Wednesday, May 25, 2011

After Witnessing The Moon Landings On Television As A Child I Have Been Utterly Enthralled By Space Exploration And There Is A Whole Lot More Of The Universe Still To Be Interpreted

When I was very young I recollect being encouraged to stay up very late one night with my father and watch on an little black and white television as Apollo 11 landed on the moon and Neil Armstrong made history by setting foot on its surface. The build-up prior to the moon landing and the frequent news reports about the so-called ‘Space Race’ between the Americans and the Russians made a very big impression on me as a young child and even now I am still interested in space and space travel. I make no claim to be highly intellectual about it all, but the thought of a universe so huge that we can’t even begin to conceive its size is very humbling. We humans really are incredibly insignificant beings when measured against everything else that exists.

Humans have been mesmerised by the skies since before recorded history. Most ancient civilisations came up with rites and traditions based on the movements of the stars and planets, and even in this day and age our actions are affected by the sun and the moon far more than we ever understand. Over thousands and thousands of years, humans must have looked to the skies and wondered what the other planets were like. In fact, there is an entire industry that has grown up around the idea of life on other planets – aliens, little green men, unidentified flying objects, the complete science fiction genre of movies and literature, imaginary weapons with light pouring from a Laser eye – would any of these ideas exist if there were no distant planets visible for them to allegedly originate from?

With huge advances in technology over the last hundred years, the wish to venture into space and see other planets slowly progressed from a dream to a possible reality and the Cold War technology battle between the USA and the USSR led to the relatively fast production of machines which could travel further than the earth’s atmosphere. The V2 rocket, created by the Germans had become the first man-made machine which could be launched into space without any problems, and soon after the end of the Second World War, when both the United States and the Soviets had gained knowledge of the technology, their first development work had the intention of using the knowledge for weaponry. But as soon as the Russians managed to launch a human into space in 1961, the Americans immediately decided to move ahead with their own schedule for manned space exploration.

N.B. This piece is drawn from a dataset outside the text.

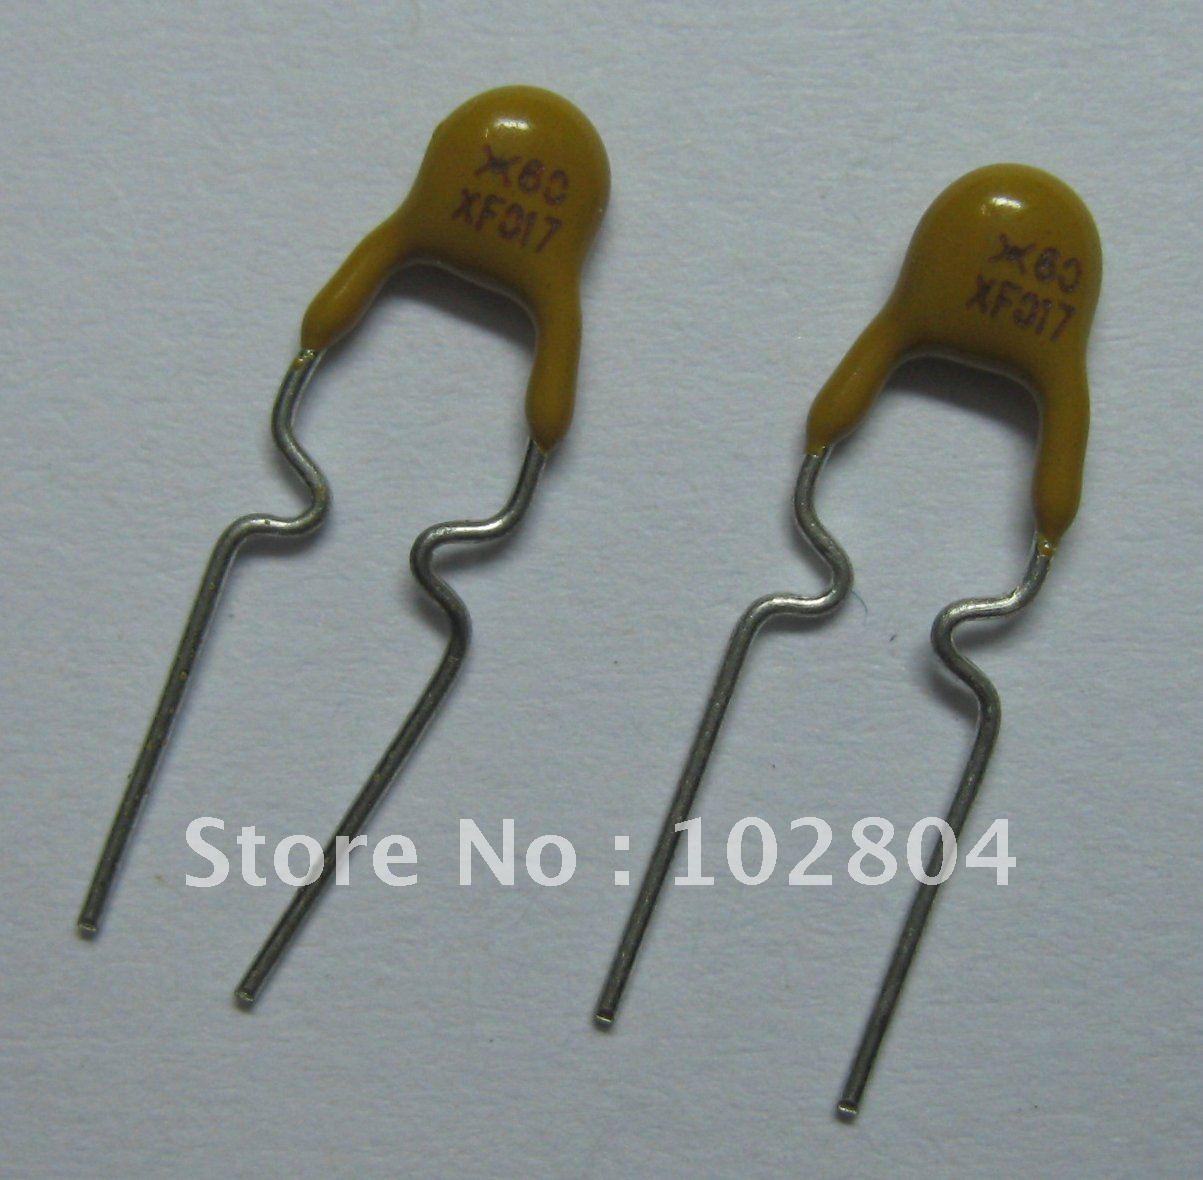 1000 шт. в партии 60 в 0.17A XF017 полипереключатель радиальный этилированный PPTC сбрасываемый предохранитель

The very first American to go into space did so merely one month behind Yuri Gagarin and from that day onwards, both countries began to focus on the moon as their destination for exploration. During the 1960’s automated crafts were sent to the moon and sent back data about its surface, and the Russians also successfully flew an unmanned craft into orbit around the moon, which provided the first ever images of the far side of the moon.

In a short number of years, the USA launched the very first manned spacecraft to actually reach the moon. Apollo 8, launched in 1968, orbited the moon and came back safely to earth. It’s amazing to think that it was only the following year when Apollo 11 achieved the feat of safely setting down on the moon meaning that two humans could actually walk on its surface. It’s an even more amazing feat when you find out that the complete journey to the moon and back again was achieved with less computer ability than my home PC, a games console, Laser eye surgery equipment or a lot of mobile phones!

Apollo 11 is one of the first actual news stories that I can recollect being aware of, largely I suppose because it received so much coverage, but I was completely fascinated by it all and have continued to have an interest in space related developments to this very day. But it’s a sad sign of the media’s manipulation of what is thought of as news, that just two missions later, Apollo 13 only became newsworthy when events took a turn for the worse.

Questions raised by the disaster (and final triumph) of Apollo 13, as well as the cost of the space programme led to a gradual reduction in manned space flights, and the last man to walk on the moon did so in 1972. Since then, of course, many unmanned craft have been sent into space by a number of space projects and the International Space Station is orbiting the earth right now, and is very visible if you are in the right place at the right time – a streak of light travelling across the sky as if launched from a Laser eye beam.

As science and technology advance (just contemplate how far we’ve come in the last century – from the Ford Model T to the Bugatti Veyron, bi-planes to supersonic jets, fountain pens to computers, monocles to Laser eye surgery – the list is endless), humans will carry on sending spacecrafts further and further into the depths of the universe and in the future will probably discover numerous things which are way beyond our imagination right now. But I know for sure that ever since that late night when I watched Neil Armstrong setting foot on the moon, I will always be fascinated by the latest discoveries about the universe.